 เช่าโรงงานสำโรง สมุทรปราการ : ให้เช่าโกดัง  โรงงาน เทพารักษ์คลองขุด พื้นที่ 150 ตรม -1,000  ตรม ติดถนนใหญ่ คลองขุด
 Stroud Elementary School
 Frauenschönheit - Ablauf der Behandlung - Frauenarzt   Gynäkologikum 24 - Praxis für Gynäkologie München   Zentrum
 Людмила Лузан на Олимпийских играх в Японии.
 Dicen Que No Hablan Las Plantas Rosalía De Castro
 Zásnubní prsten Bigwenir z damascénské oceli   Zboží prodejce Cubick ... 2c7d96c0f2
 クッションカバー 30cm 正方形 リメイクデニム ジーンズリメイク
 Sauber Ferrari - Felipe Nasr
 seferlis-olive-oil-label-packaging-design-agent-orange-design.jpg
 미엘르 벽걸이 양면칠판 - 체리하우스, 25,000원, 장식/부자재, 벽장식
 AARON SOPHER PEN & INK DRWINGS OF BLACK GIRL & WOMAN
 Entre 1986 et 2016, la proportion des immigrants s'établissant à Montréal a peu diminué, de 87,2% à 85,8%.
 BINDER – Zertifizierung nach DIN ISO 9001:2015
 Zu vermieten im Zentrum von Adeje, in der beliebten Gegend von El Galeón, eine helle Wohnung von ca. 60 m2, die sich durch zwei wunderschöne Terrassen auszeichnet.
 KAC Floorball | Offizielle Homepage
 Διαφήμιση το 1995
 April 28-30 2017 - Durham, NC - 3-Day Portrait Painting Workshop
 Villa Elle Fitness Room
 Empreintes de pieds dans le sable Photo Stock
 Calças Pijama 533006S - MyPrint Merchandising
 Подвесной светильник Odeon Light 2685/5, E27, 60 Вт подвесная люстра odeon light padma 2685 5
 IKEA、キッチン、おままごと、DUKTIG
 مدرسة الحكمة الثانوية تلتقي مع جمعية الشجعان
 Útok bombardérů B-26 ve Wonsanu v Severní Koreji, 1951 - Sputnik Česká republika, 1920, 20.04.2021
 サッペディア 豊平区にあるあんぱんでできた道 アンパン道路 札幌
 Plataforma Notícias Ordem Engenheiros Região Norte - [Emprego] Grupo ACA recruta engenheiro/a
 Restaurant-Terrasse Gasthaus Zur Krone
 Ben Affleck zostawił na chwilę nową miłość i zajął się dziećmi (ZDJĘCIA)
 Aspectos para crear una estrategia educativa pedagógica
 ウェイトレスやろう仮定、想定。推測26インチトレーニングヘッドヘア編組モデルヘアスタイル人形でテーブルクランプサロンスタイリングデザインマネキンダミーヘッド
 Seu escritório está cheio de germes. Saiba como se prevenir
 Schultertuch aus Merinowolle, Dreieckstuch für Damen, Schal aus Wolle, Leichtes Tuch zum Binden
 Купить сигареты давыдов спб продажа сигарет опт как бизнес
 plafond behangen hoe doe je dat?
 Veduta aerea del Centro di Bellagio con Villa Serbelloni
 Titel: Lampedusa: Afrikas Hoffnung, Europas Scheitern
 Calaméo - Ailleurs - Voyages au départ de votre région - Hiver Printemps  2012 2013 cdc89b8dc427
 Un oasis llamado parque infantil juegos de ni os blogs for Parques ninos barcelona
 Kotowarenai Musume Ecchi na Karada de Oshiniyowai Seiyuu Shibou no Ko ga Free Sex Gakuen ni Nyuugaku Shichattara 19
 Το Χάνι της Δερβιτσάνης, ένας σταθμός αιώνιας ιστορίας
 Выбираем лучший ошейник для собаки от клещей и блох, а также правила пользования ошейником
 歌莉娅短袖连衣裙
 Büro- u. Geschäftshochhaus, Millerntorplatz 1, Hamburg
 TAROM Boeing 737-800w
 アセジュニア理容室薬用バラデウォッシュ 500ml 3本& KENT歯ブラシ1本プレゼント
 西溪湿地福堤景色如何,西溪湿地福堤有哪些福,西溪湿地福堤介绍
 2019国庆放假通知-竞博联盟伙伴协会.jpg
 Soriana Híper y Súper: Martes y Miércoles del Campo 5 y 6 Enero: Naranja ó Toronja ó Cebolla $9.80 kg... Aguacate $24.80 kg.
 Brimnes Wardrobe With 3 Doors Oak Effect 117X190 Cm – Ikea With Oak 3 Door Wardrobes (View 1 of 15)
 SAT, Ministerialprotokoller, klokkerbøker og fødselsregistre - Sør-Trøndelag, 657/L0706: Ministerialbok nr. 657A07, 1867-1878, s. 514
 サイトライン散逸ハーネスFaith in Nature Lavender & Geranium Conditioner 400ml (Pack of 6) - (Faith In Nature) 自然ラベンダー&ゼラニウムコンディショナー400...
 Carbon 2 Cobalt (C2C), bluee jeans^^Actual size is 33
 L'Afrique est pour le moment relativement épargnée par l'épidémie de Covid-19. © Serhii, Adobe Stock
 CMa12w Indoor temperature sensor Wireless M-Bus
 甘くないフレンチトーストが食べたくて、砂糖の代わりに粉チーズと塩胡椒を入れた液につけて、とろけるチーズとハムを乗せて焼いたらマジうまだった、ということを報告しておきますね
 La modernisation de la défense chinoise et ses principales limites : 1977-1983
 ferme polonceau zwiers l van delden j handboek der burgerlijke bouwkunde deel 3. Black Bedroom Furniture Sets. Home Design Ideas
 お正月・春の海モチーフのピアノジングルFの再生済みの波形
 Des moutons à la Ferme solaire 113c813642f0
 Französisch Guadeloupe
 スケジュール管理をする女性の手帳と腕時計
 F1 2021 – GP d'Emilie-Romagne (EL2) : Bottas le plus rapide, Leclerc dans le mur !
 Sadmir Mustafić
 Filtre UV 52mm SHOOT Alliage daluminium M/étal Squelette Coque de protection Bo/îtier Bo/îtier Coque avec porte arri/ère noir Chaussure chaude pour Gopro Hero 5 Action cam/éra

Task brief
Look at the records above. Copy every line where the string "Villa" occurs.

Response to the exercise
 Villa Elle Fitness Room
 Veduta aerea del Centro di Bellagio con Villa Serbelloni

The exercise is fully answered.